■ Task requirements
Every line from the one that contains "New NASA Official" to the end of the records must be restated word for word. No other line belongs in the answer.

━━━━━━━━━━━━━━━━━━━━━━━━━━━━━━

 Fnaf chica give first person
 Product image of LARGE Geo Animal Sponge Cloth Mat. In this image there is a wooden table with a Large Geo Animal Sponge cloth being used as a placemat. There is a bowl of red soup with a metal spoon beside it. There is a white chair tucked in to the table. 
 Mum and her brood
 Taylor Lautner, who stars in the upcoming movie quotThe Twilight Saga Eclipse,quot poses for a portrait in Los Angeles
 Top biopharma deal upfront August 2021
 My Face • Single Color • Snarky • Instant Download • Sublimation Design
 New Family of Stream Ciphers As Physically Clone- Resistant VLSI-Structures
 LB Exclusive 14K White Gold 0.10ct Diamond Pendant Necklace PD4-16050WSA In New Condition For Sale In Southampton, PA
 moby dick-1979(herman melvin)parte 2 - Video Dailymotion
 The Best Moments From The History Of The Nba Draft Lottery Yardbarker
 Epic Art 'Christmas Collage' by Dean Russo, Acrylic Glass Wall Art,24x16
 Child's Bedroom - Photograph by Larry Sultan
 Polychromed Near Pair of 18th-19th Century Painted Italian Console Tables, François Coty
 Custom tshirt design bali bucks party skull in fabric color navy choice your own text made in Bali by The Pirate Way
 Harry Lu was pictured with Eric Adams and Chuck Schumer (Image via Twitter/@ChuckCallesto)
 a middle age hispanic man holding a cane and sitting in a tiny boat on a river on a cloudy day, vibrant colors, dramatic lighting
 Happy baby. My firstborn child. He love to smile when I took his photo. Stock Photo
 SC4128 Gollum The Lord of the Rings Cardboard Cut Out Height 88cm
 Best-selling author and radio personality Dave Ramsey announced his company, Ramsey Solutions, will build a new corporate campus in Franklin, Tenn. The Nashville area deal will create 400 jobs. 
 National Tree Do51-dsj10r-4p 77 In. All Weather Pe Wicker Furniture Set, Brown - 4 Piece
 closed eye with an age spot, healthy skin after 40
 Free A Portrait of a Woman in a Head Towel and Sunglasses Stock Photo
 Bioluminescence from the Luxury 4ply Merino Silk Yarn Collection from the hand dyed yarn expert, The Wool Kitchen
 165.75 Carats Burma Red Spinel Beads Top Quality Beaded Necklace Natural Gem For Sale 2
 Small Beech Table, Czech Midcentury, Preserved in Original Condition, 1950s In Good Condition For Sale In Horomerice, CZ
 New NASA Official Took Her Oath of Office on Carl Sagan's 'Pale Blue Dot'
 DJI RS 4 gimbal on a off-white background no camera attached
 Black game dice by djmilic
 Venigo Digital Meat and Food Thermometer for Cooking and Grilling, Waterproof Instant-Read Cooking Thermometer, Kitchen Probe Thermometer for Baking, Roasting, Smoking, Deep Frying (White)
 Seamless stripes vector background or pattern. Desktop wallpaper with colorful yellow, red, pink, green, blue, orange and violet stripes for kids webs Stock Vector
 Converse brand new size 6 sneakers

━━━━━━━━━━━━━━━━━━━━━━━━━━━━━━

■ Exercise output
 New NASA Official Took Her Oath of Office on Carl Sagan's 'Pale Blue Dot'
 DJI RS 4 gimbal on a off-white background no camera attached
 Black game dice by djmilic
 Venigo Digital Meat and Food Thermometer for Cooking and Grilling, Waterproof Instant-Read Cooking Thermometer, Kitchen Probe Thermometer for Baking, Roasting, Smoking, Deep Frying (White)
 Seamless stripes vector background or pattern. Desktop wallpaper with colorful yellow, red, pink, green, blue, orange and violet stripes for kids webs Stock Vector
 Converse brand new size 6 sneakers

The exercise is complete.